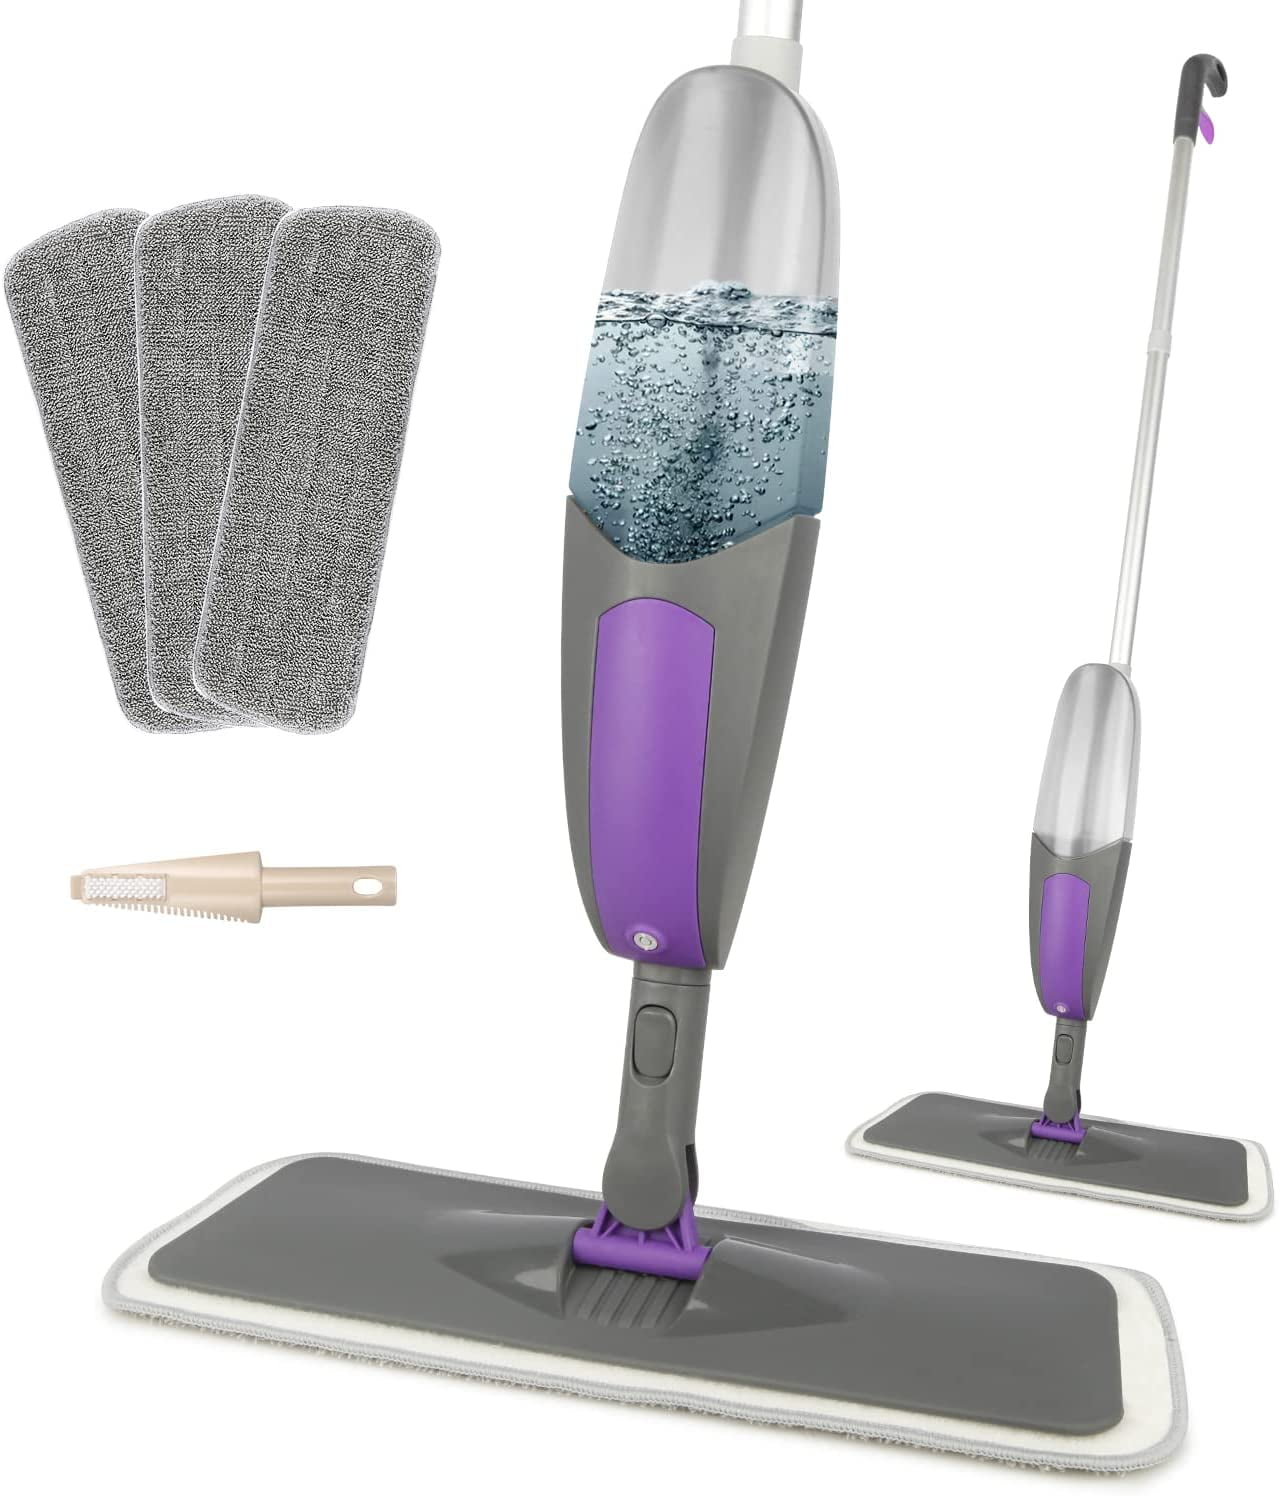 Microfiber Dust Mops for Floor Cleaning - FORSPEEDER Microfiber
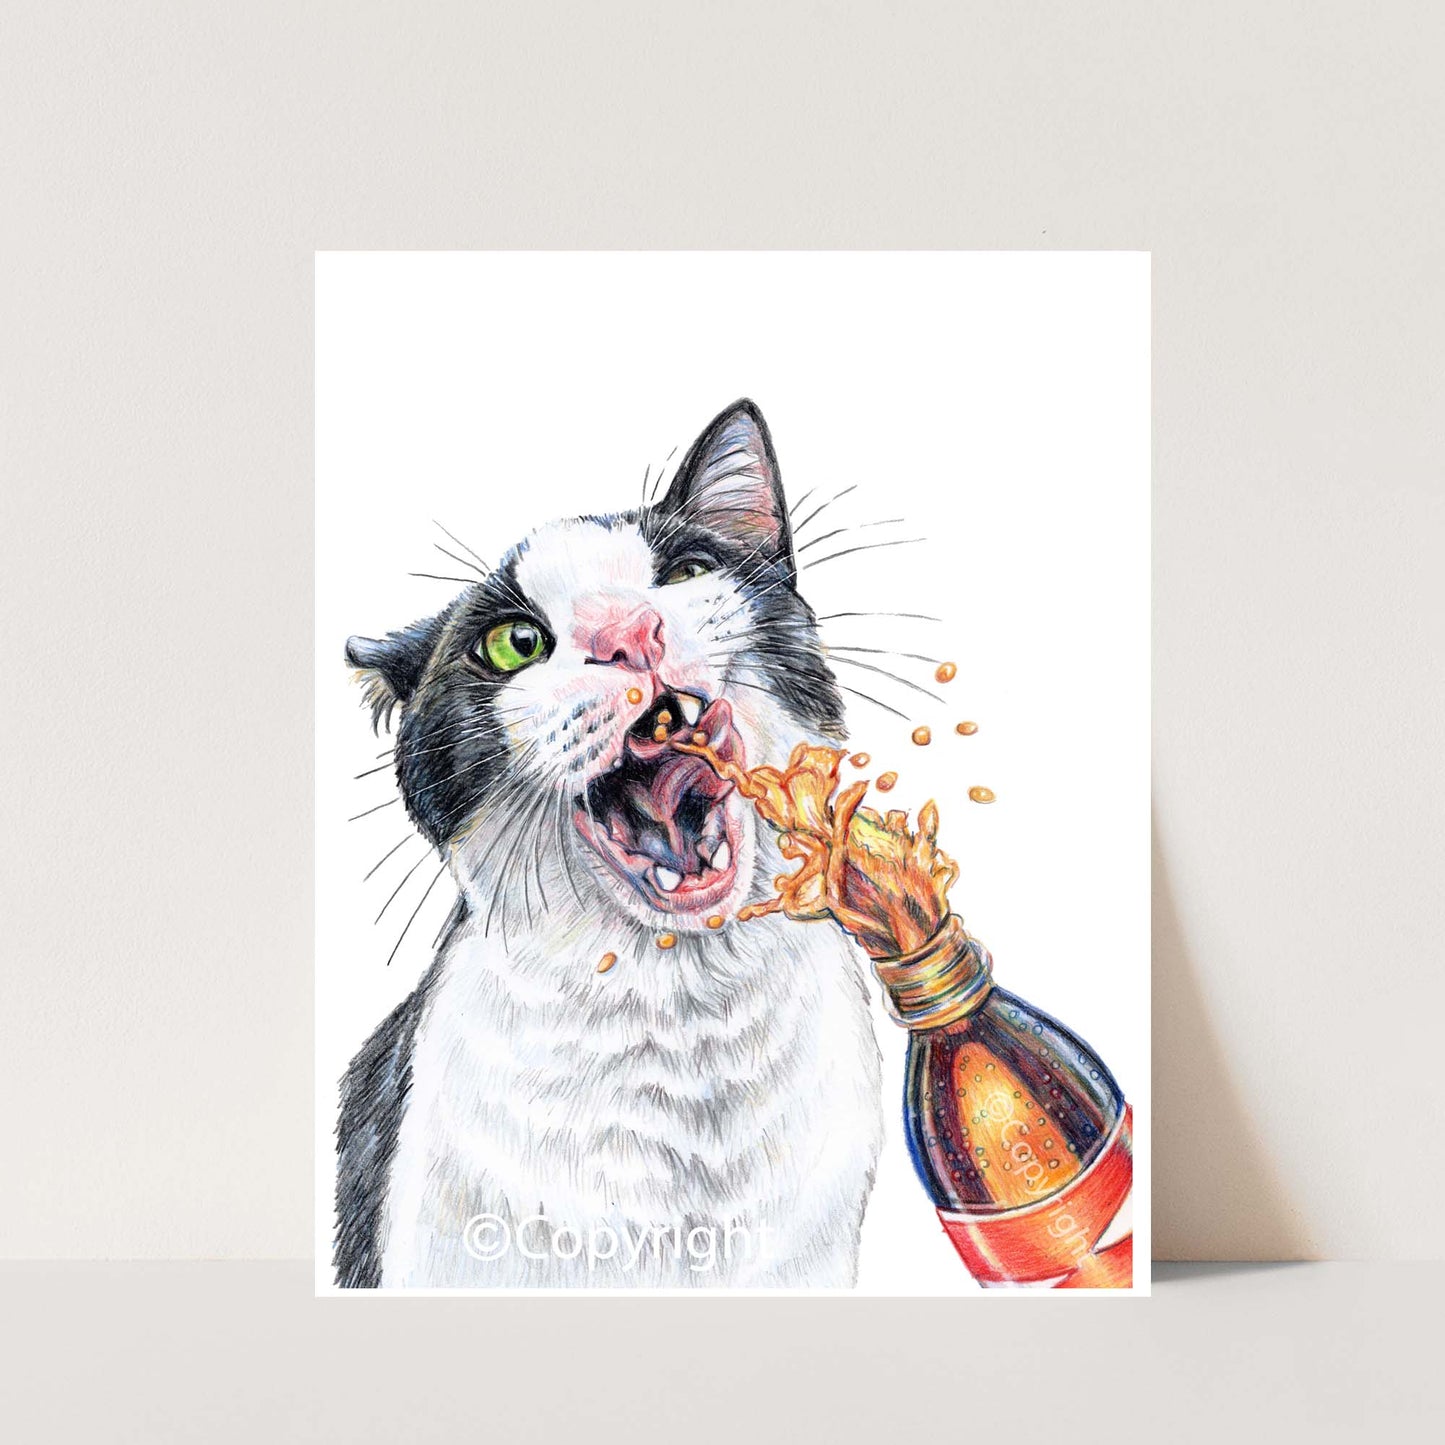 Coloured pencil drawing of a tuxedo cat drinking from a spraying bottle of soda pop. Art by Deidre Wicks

--

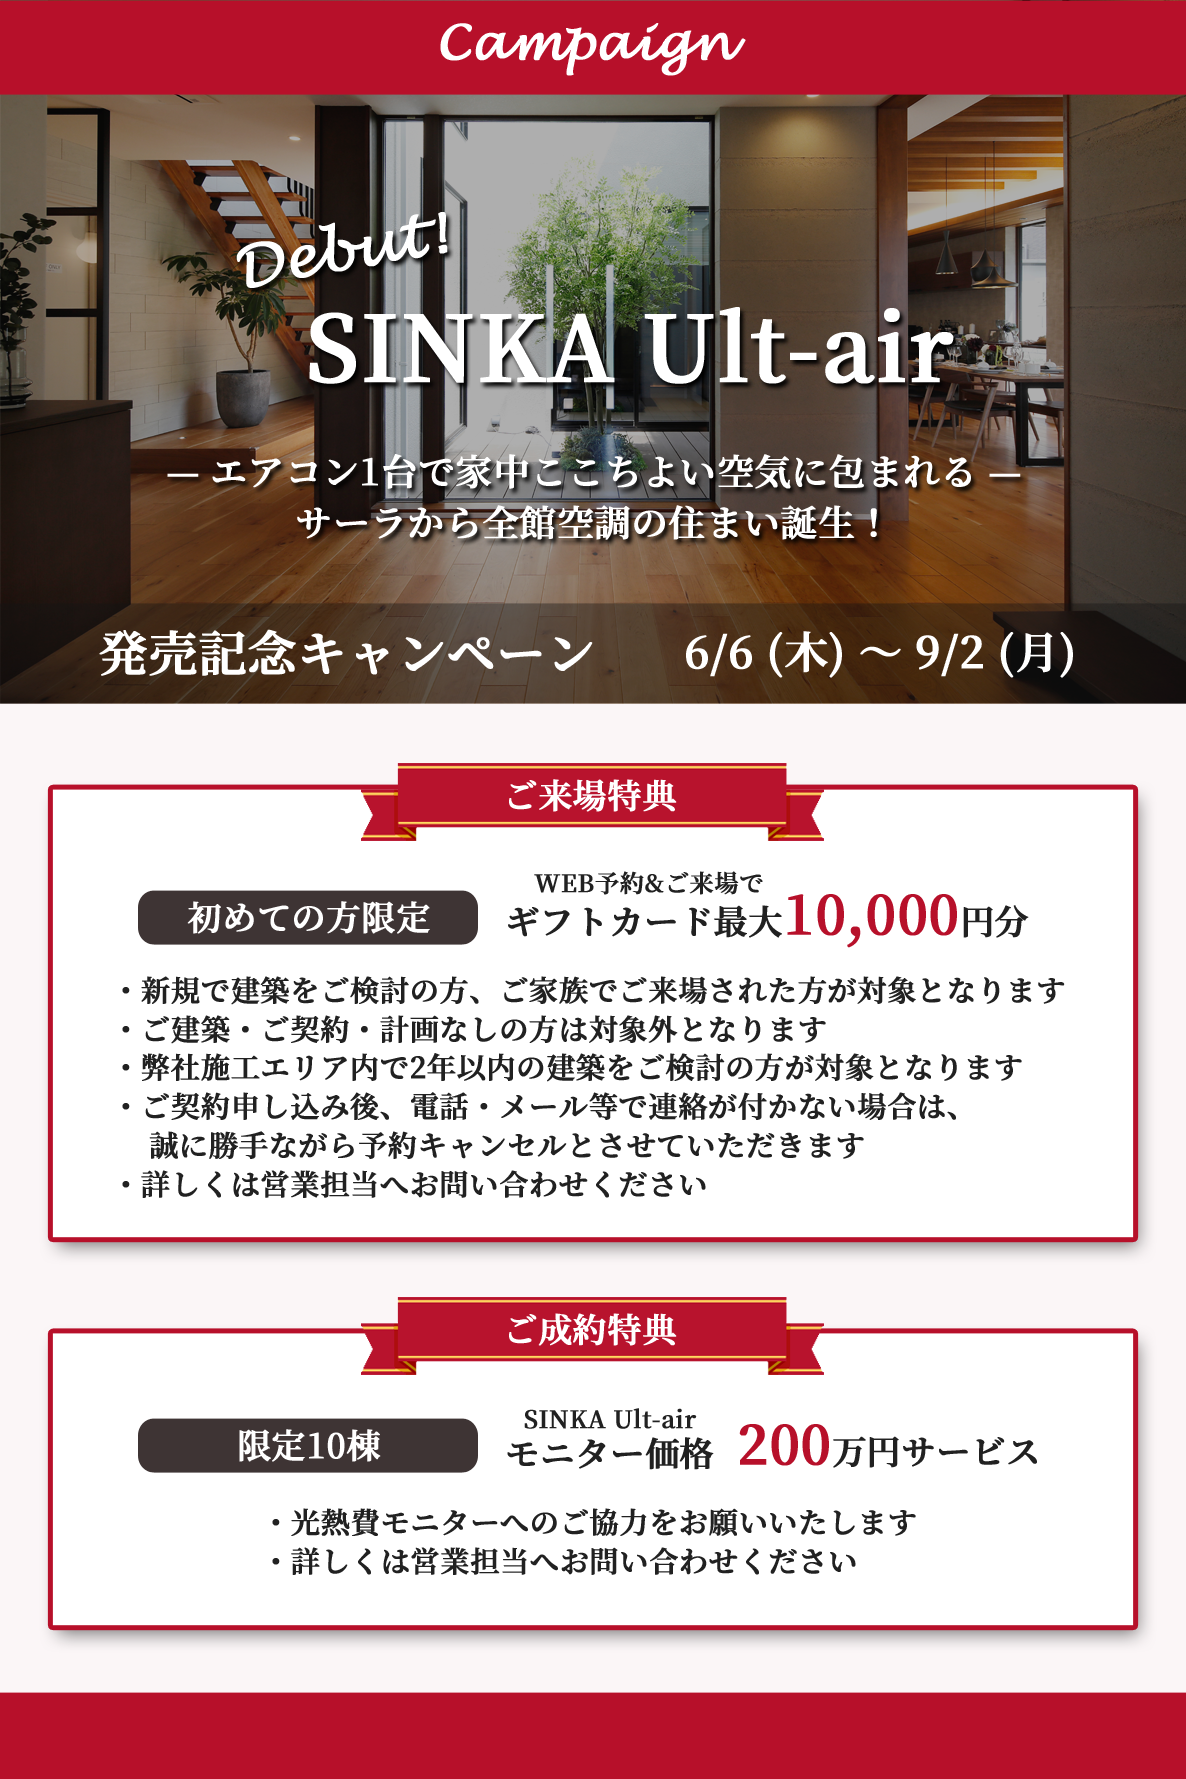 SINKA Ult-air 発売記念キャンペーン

### Task brief
Within the material above, only the stretch from the line holding "Microfiber Dust Mops" through the line holding "Coloured pencil drawing" is to be restated exactly. Pictures are dropped.

### Expected answer
 Microfiber Dust Mops for Floor Cleaning - FORSPEEDER Microfiber
 Coloured pencil drawing of a tuxedo cat drinking from a spraying bottle of soda pop. Art by Deidre Wicks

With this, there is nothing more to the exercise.